Hezbollah launched a new kind of rocket Friday that made its deepest strike into Israel yet, rattling Israelis as their warplanes and artillery blasted apartment buildings and roads gunning for guerrillas.
Lebanese officials said about 12 civilians died in the day's fighting; Israel said it killed 26 militants, raising to about 230 the total number killed in the campaign.
Hezbollah's launching of the new weapon unnerved Israelis, 500,000 of whom are already living in northern shelters because of rocket bombardments. The rocket firing was also likely to escalate a conflict now in its 18th day, with Secretary of State Condoleezza Rice heading back to the Middle East this weekend to make a second attempt to resolve the crisis.
The guerrillas said they used the Khaibar-1 — named after the site of a historic battle between Islam's Prophet Muhammad and Jewish tribes in the Arabian peninsula — to strike the Israeli town of Afula.
"With this, the Islamic Resistance begins a new stage of fighting, challenge and confrontation with a strong determination and full belief in God's victory," Hezbollah said in a statement.
Five of the rockets crashed into empty fields outside Afula, causing no injuries. Still, Israel deployed a Patriot interceptor missile battery north of Tel Aviv, believing the area could be in range of Hezbollah's barrages.
Israel said the Khaibar-1 rockets were renamed, Iranian-made Fajr-5s. They have four times the power and range of Katyusha rockets, making them able to hit Tel Aviv's northern outskirts.
Hundreds of Katyushas have hit northern Israel in the current fighting, including 96 on Friday, one of which hit a hospital. The Afula strike came two days after Hezbollah leader Sheik Hassan Nasrallah vowed his guerrillas would fire rockets beyond Haifa, Israel's third-largest city, which has been hit repeatedly in the conflict.
Rice's second trip to the region comes as diplomatic efforts are solidifying into two sharply divided camps. Most agree on the idea of bringing international forces into the south to end Hezbollah's decade-long free rein here — but still unresolved is how and when.
The United States, backed by Britain, wants the force to be part of a broad package that will disarm guerrillas along the border and move in the Lebanese army to end the Hezbollah threat to Israel once and for all. It says it won't press for a cease-fire until such an agreement is reached.
Many Europeans and Arab countries are increasing the pressure for an immediate cease-fire first, followed by a plan to tackle the complicated issues of a force to curb the Shiite guerrillas.

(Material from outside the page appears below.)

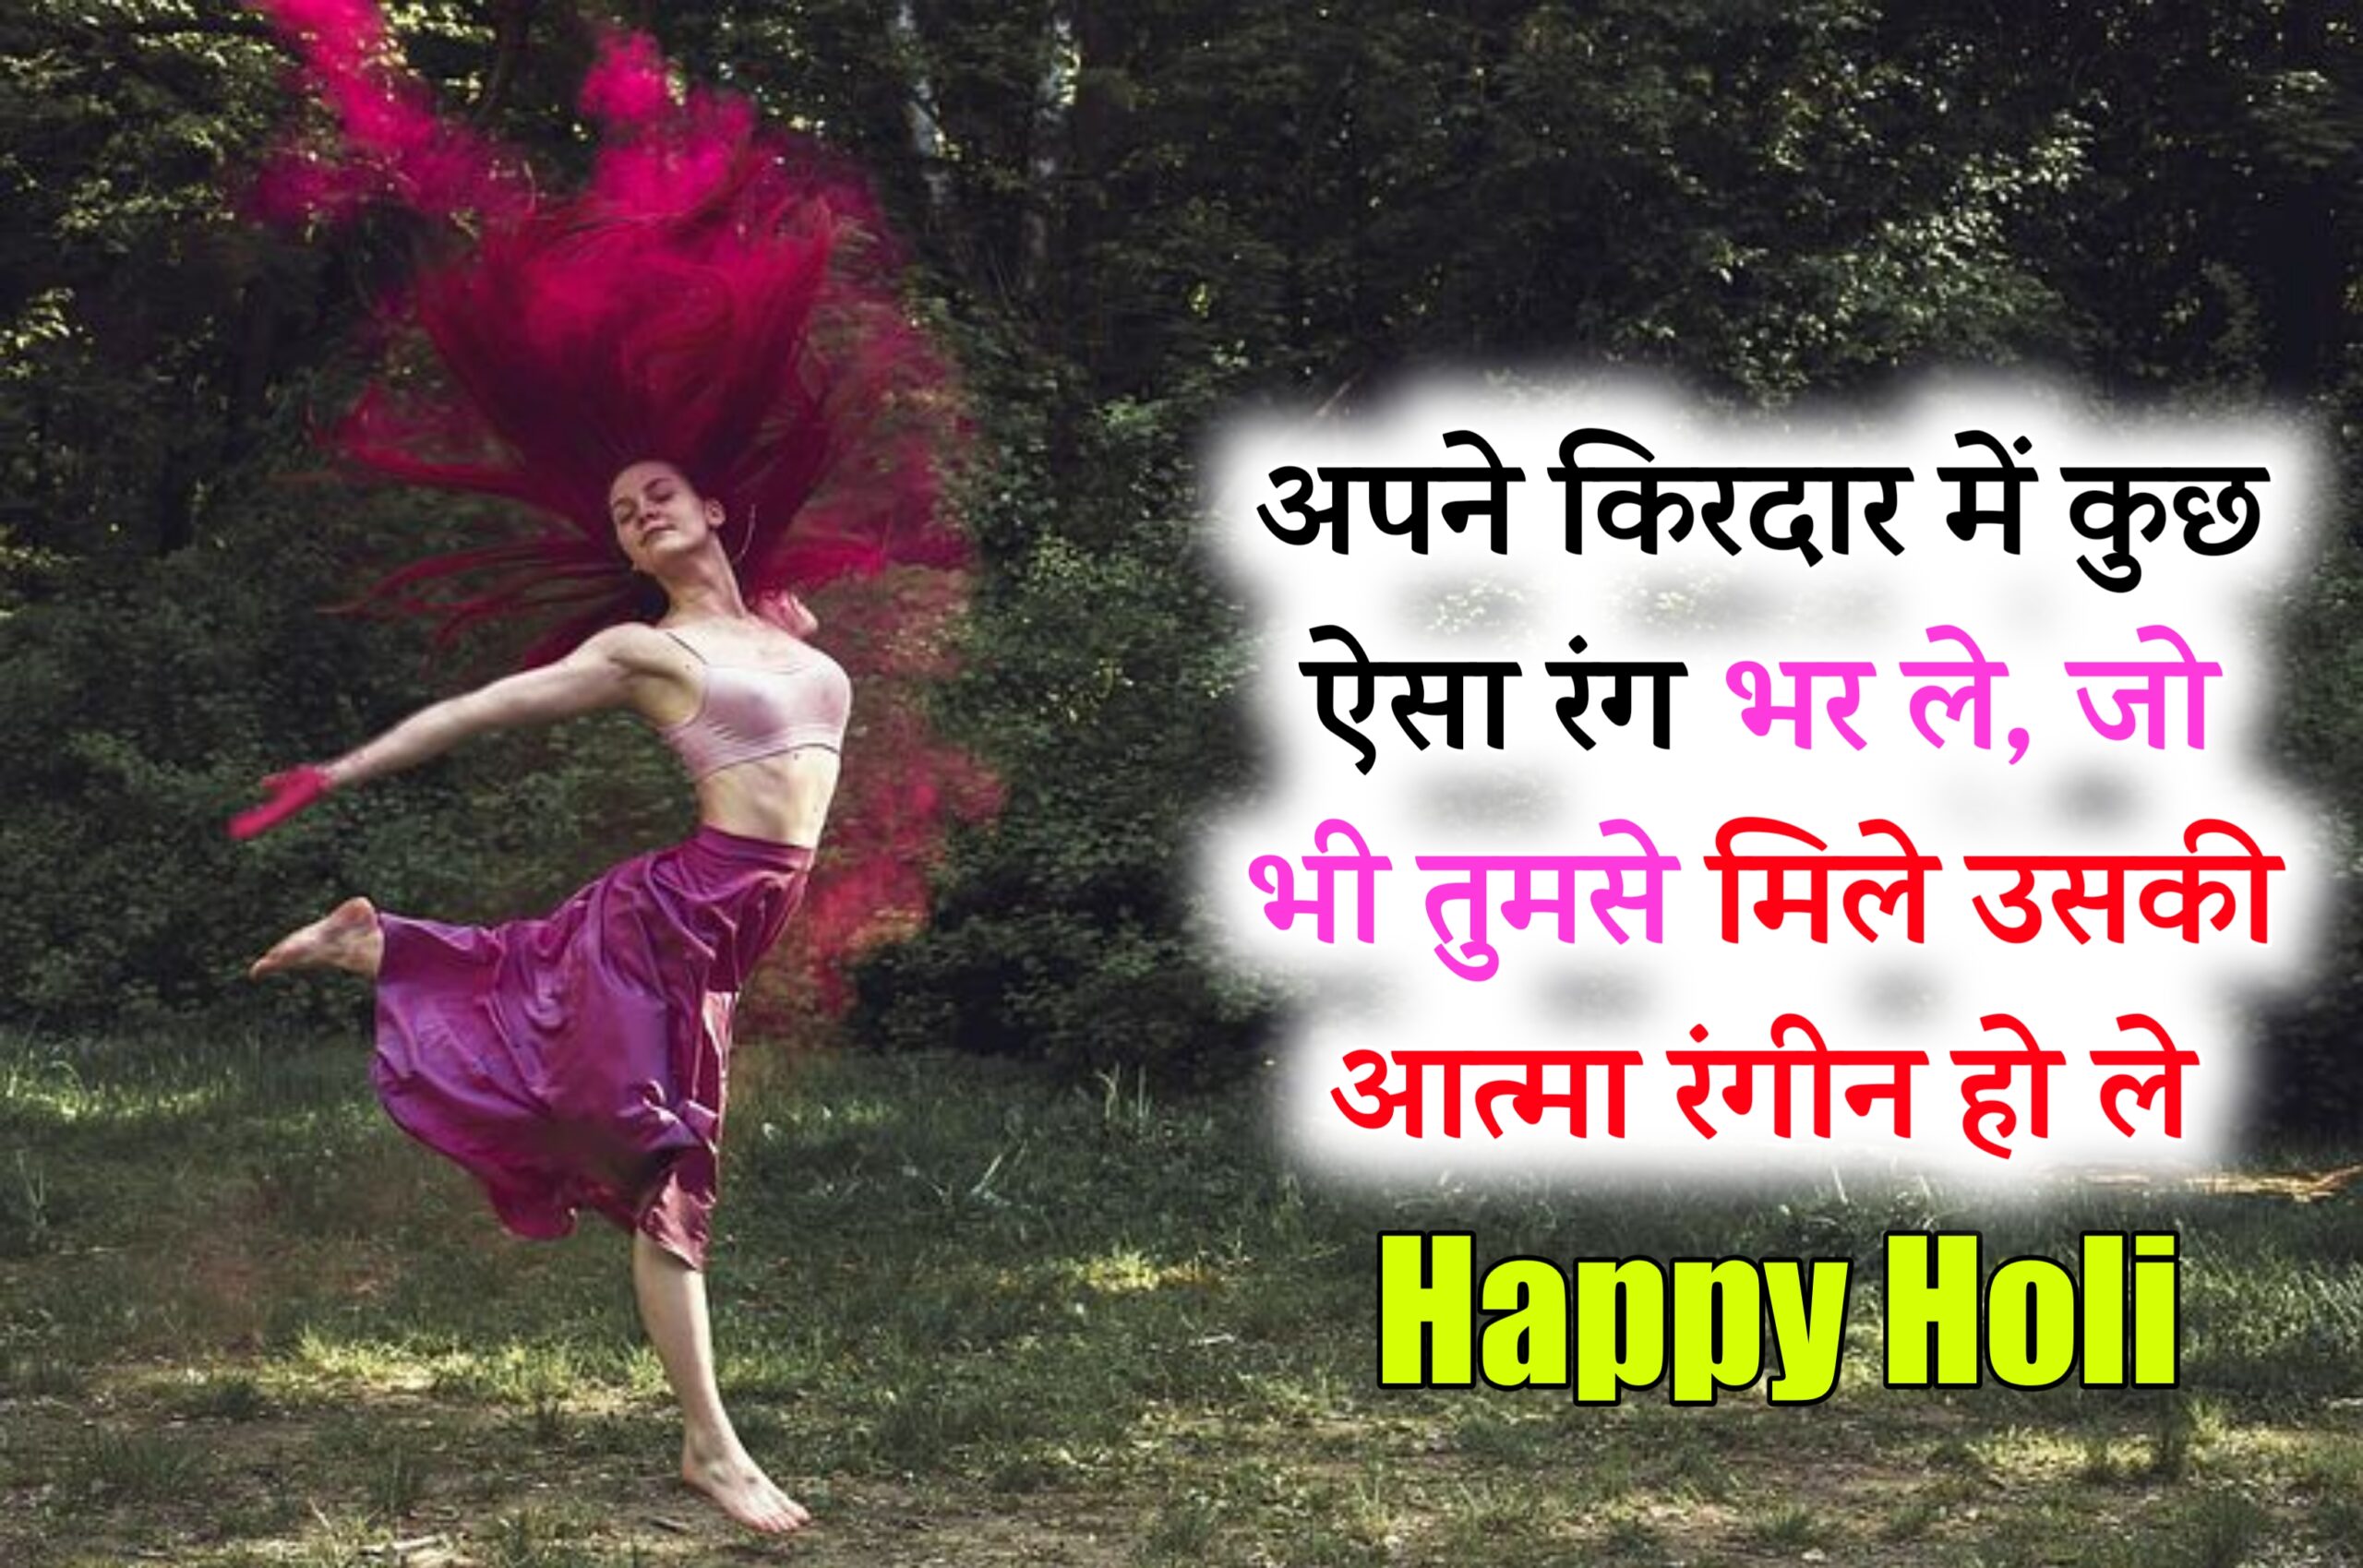 Happy holi status | हैप्पी होली स्टेटस 2024 | Holi Status 2024,holi status in hindi 2024,holi shayari in hindi,holi quotes in hindi,holi shayari 2024,holi quotes 2024,happy holi status in hindi,happy holi quotes in hindi 2024,happy holi shayari in hindi,Holi Wishes SMS and Quotes in Hindi: Find here Happy Holi Wishes in Hindi SMS, Happy Holi Status in Hindi, for Girlfriend Holi Wishes Quotes in Hindi and also Holi Shayari in Hindi, Holika dahan Wishes SMS,हैप्पी होली स्टेटस इन हिंदी,हैप्पी होली शायरी इन हिंदी,हैप्पी होली कोट्स इन हिंदी,होली पर शायरी 2024,होली पर स्टेटस 2024,Radha Krishna Happy Holi 2024

The deadlock allowed the offensive to persist with a new dimension of destruction emerging — the environment.
Beaches in Beirut were black with oil spilled from a power station that was blasted by Israel two weeks ago and was still burning. In the south, rescue workers dug through the rubble of bombed houses, looking for bodies.
Late Friday, the Israeli army said it killed 26 Hezbollah guerrillas in fighting for the Shiite town of Bint Jbail. The army did not report Israeli casualties, but Israel Radio said six soldiers were wounded.
Hezbollah has verified 35 guerrilla casualties. The competing claims could not be resolved independently.
Hezbollah said its guerrillas attacked Israeli troops on a ridge overlooking Bint Jbail and in Maroun al-Ras, a nearby villages that Israeli troops overran last weekend. The guerrillas said five Israeli soldiers were wounded.
Eight Israelis died fighting for control of Bint Jbail on Wednesday, the highest toll of the campaign. Bint Jbail had the largest Shiite community along the border; it was known as the "capital of the resistance" during Israel's 1982-2000 occupation because of its vehement support for the Shiite Hezbollah.
The Israel army said a half-million Israelis were living in shelters in northern Israel. U.N. humanitarian chief Jan Egeland told CNN that 800,000 Lebanese had fled or were caught in crossfire.